De la part de la maman, j’imagine avec un pincement au cœur, la difficulté de refuser à sa fille quelques minutes de distraction pour privilégier un hypothétique repos à l’efficacité discutable : un vrai dilemme qu’elle porte certains jours sur son visage sévère, à moins que ce ne soit la fatigue de rester enfermée dans cette chambre aux stores baissés toute la journée depuis… depuis combien de jours, de semaines, de mois déjà ? Elle ne sait plus, on ne sait plus, qui le sait précisément ? Cela doit être consigné dans le dossier médical, bien sûr, enfoui sous des tonnes de comptes rendus d’interventions chirurgicales, d’analyses, de consultations. Mais personne ne le sait plus avec précision.

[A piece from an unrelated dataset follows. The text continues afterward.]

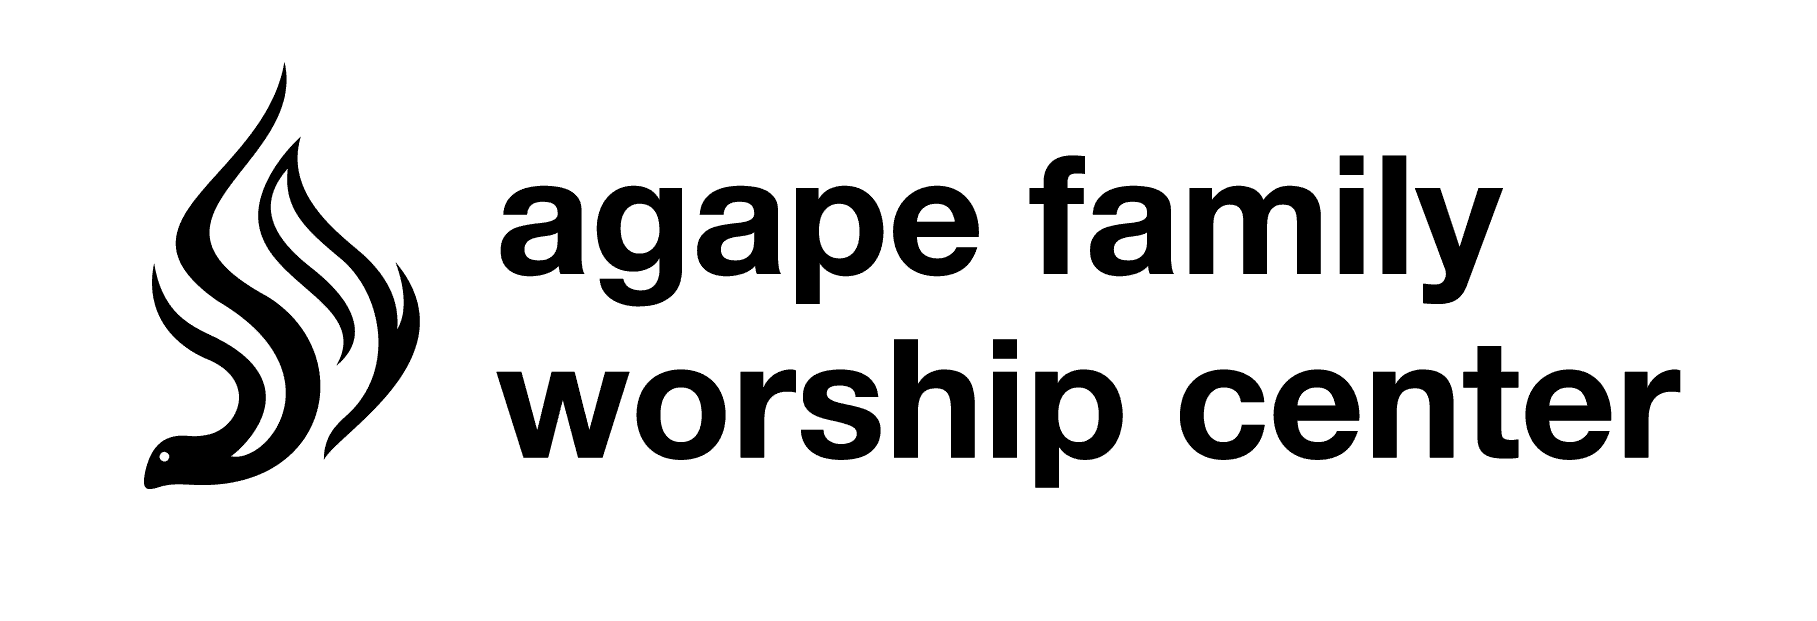 Agape Family Worship Center

Finalement, ça n’est pas la seule question qu’on se pose sur Anna* : d’autres questions sur l’évolution de son état, ses chances réelles de s’en sortir, se posent aussi et interrogent avec bien plus d’inquiétude médecins, infirmières et Maman. Pour l’instant, le quotidien : Anna* reste là, comme des tas d’autres enfants du service, passant d’un jour à l’autre comme Tarzan passe, dans la forêt vierge, de liane en liane, avec le risque omniprésent et imprévisible de voler quelques secondes dans les airs avant de s’écraser au sol.

Maman reste auprès de Anna*, nous frappons à la porte toutes les semaines et quand Anna* nous aperçoit, elle a ce geste impérial qui nous convie à entrer dès que l’un d’entre nous montre le bout de son nez rouge. Alors, nous ne manquons jamais de passer la tête même quand les stores sont baissés, que la chambre semble sombre, qu’il vaudrait mieux peut-être ne pas… . Et nous entrons avec enthousiasme, dès que la petite main transparente et impériale s’est levée vers nous et nous permet de nous approcher. Nous savons que Anna* va rendre ce moment exceptionnel !

"Anna* m’apparaît comme la plus grande comédienne qu’il m’ait été donné de voir."

Le jeu qu’elle aime initier quand les clowns sont dans son palais, ne laisse pas de me remplir d’étonnement : les quelques fois où il m’a été donné de la voir, elle tient chaque fois à nous présenter son peuple de peluches et de doudous, certains visibles sur son lit, d’autres cachés dans le creux des draps, sous les oreillers.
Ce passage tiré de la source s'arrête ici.